Wouldn't it be great if all those customers, who have since received redress and compensation since 2015, turned up to voice their support too.

Think about the impacts the banking corruption has had on your own individual circumstances these past 10 years. Even if you have successfully won the fight with your own individual case with your lender, perhaps you might want to turn up, not just to voice your support for all those other cohorts still fighting a case again their lender, but for your own lack of trust & confidence in the whole system now. Think back to your own financial stress & circumstances. Those lost holidays, memories, and having to stay in perhaps, while others had the financial freedom to be out. The impacts on business owners, the impacts on family planning, the impacts on health. Just because some of you may now have been financially compensated by your lender, since the Central bank got involved, doesn't mean that you should tolerate any similar type of corruption, for any future generations. Let's keep the focus on this in the media, by showing up in numbers - for those of us who this has impacted


----------



## tonymac (15 Nov 2017)

As an SVR affected customer i would be happy to support a tracker protest as SVR customers have had to stay in lots of nights and forego things due to the rates they were paying and god knows what other serious consequences. We'll never hear it officially but theres been a very strong arguement put out there that once the banks realised what was happening with issuing all the loss making trackers they did everything to reign in as many as possible through not putting people back on them after coming off a fixed rate etc but also the SVR customers were and still are being screwed by the highest rates in the eurozone atea to try and recoup money somewhere because they could in our case and they thought they could in the trackers cases until the likes of Padraig Kissane got involved. My faith and trust in the banks along with the thousands of other badly treated SVR customers has also been wrecked, the big difference being the illegality in the tracker cases v immorality with SVRs.  I did promote the idea of street protests outside the banks HQs, the CB and the dail as well as a mortgage strike during our campaign but unfortunately 299, 850 people remained quiet thus the warning i offered in an earlier post.


----------



## Banking17 (22 Dec 2017)

MrBanks said:


> Jan 2018 it is. If we can enough people we should do a protest. If not, I would suggest groups of people going into each bank HO with signs stating "tracker victim, waiting 9yrs" etc etc. Refuse to leave until you receive specific case clarification. Record the visit/interaction. Post it online. Multiple groups going into each offending bank, same time same day.  Put it up on social. Contact national media etc.

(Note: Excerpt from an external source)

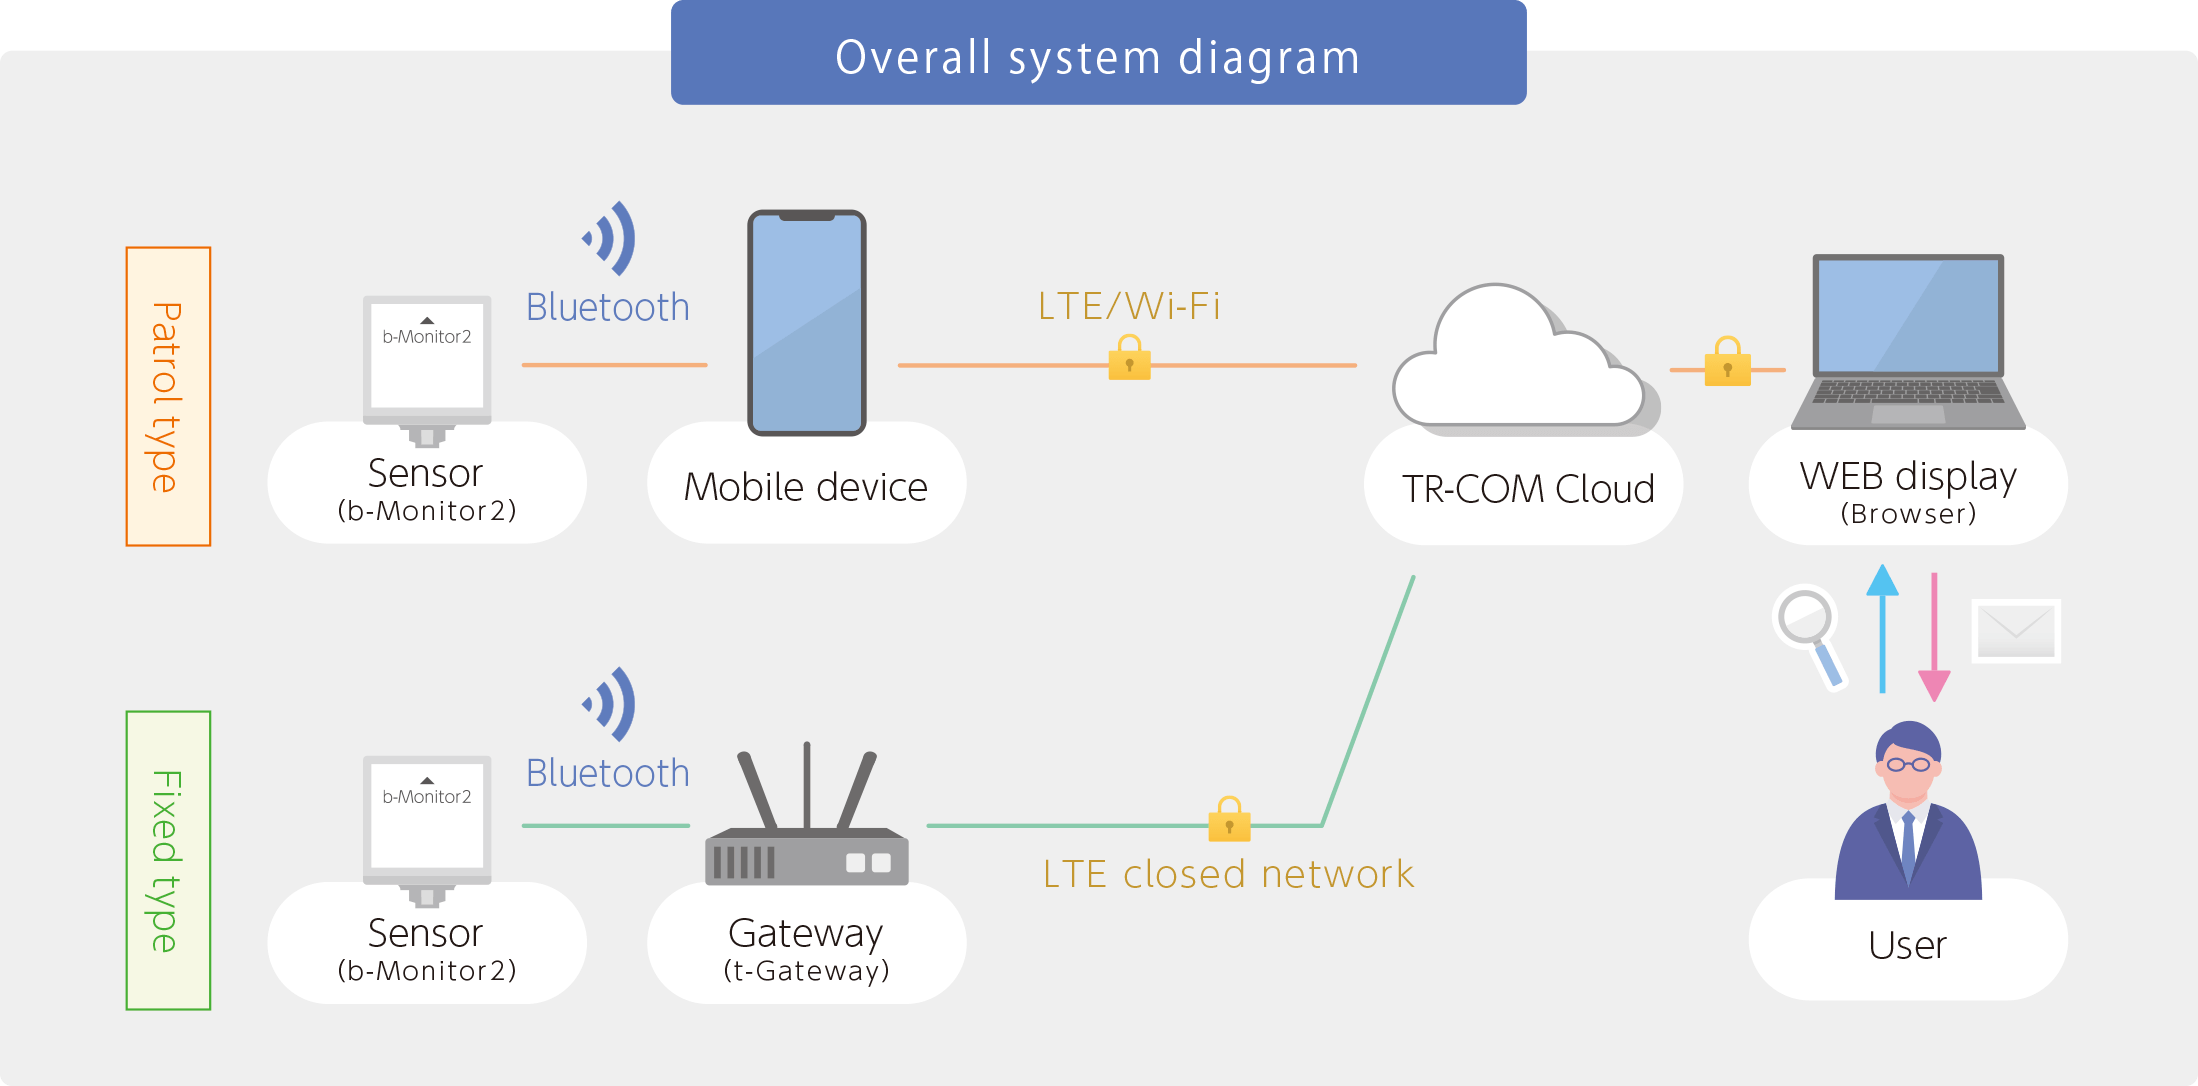 Overall system diagram
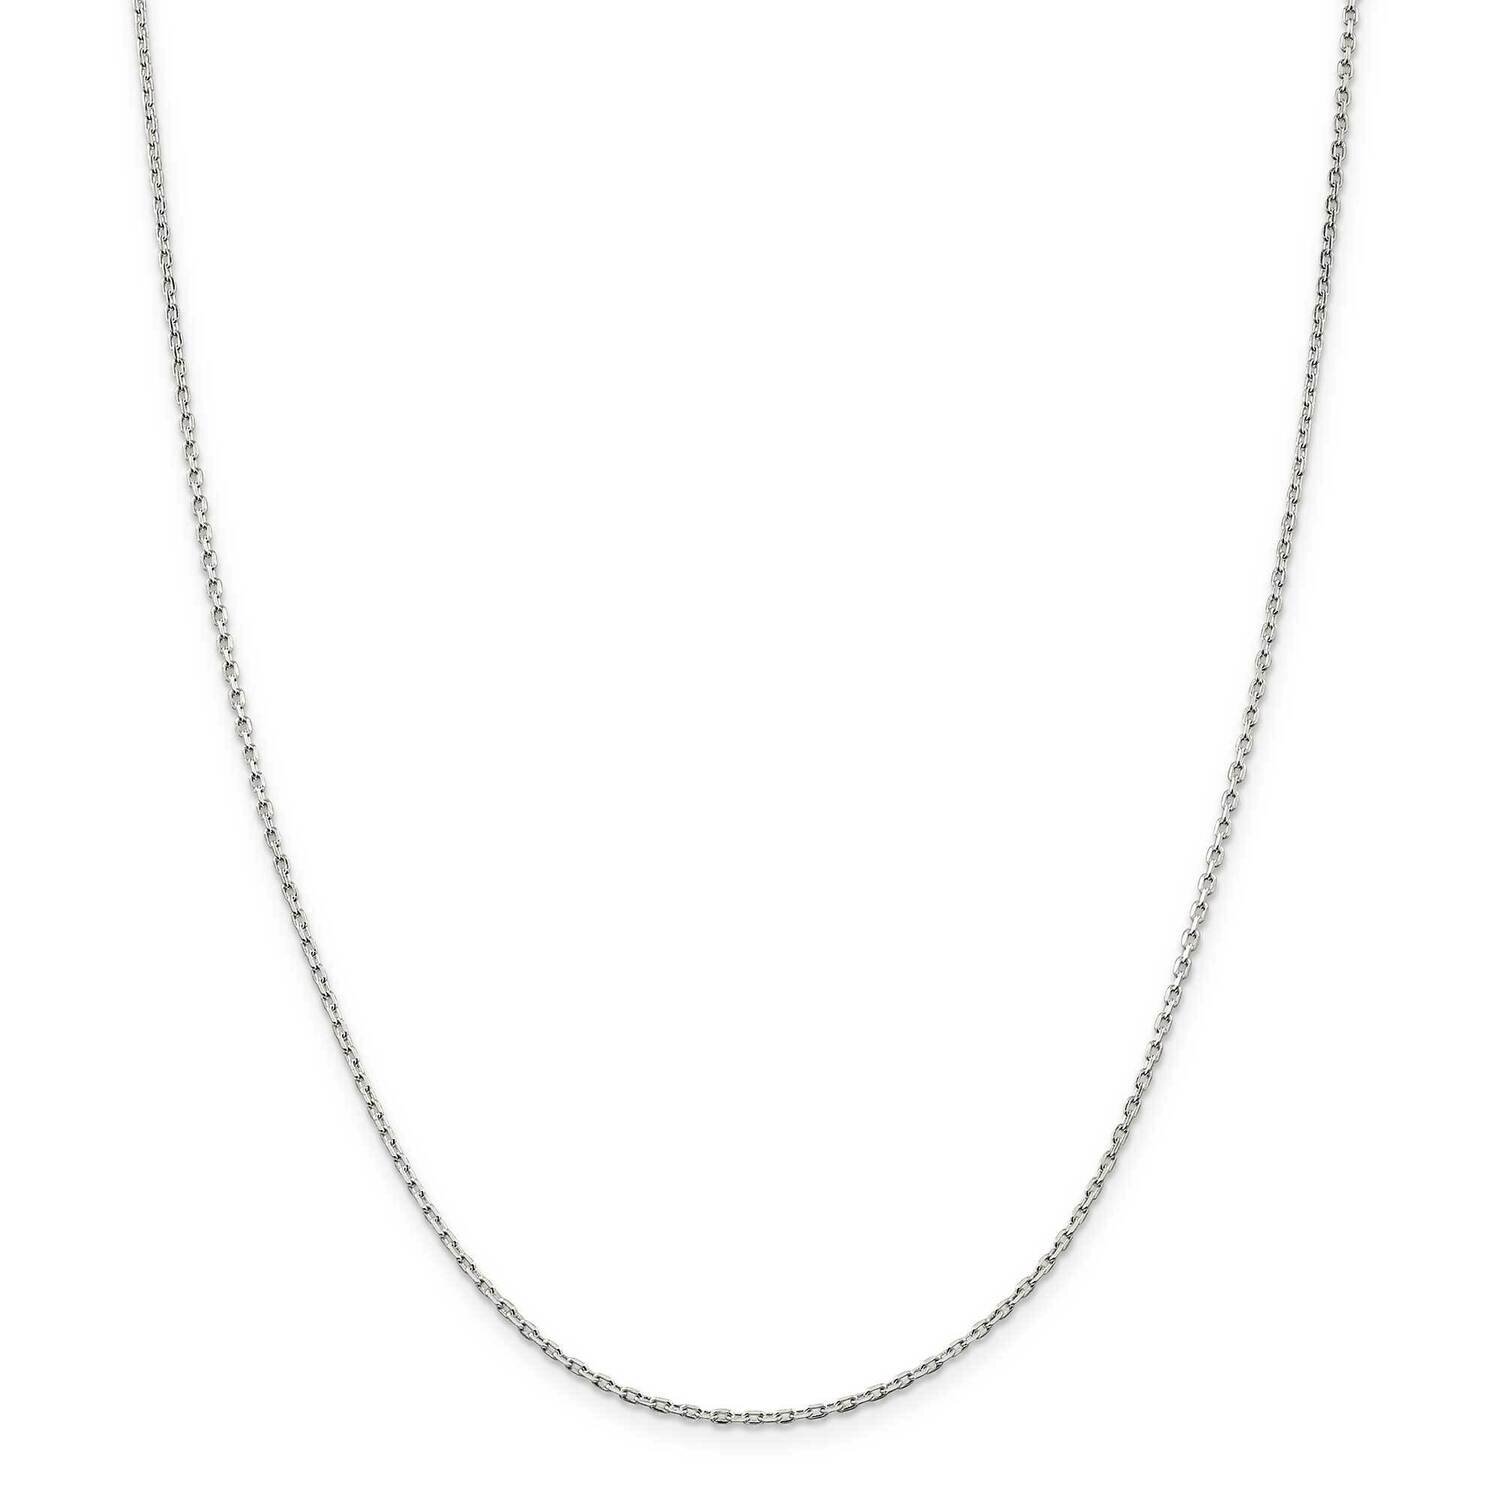 1.5mm Beveled Oval Cable Chain 26 Inch Sterling Silver QCA050-26

Any update  on planned January Protest


----------



## Cushcam (22 Dec 2017)

Imagine the message this sends out, if we could get tens of thousands of us to the streets, who were impacted by this, either directly or indirectly. How likely are we to get numbers out in force for a protest, in the coldness of January though, very unlikely I would say.

It’s just the Irish way right! We will ring helpdesks every week, expected our voices to be heard, our call details to be recorded, & action, yet taking huge numbers to the street, would be a powerfull message on behalf of our kids & future generations.

Could you imagine a financial scandal of this magnitude happening in France or Germany! They would be out with their spears!

If I was a former banking executive, from anyone of the lenders, I would sit very uncomfortably, watching footage of any protest. I would love for their decisions to haunt them for all their future years.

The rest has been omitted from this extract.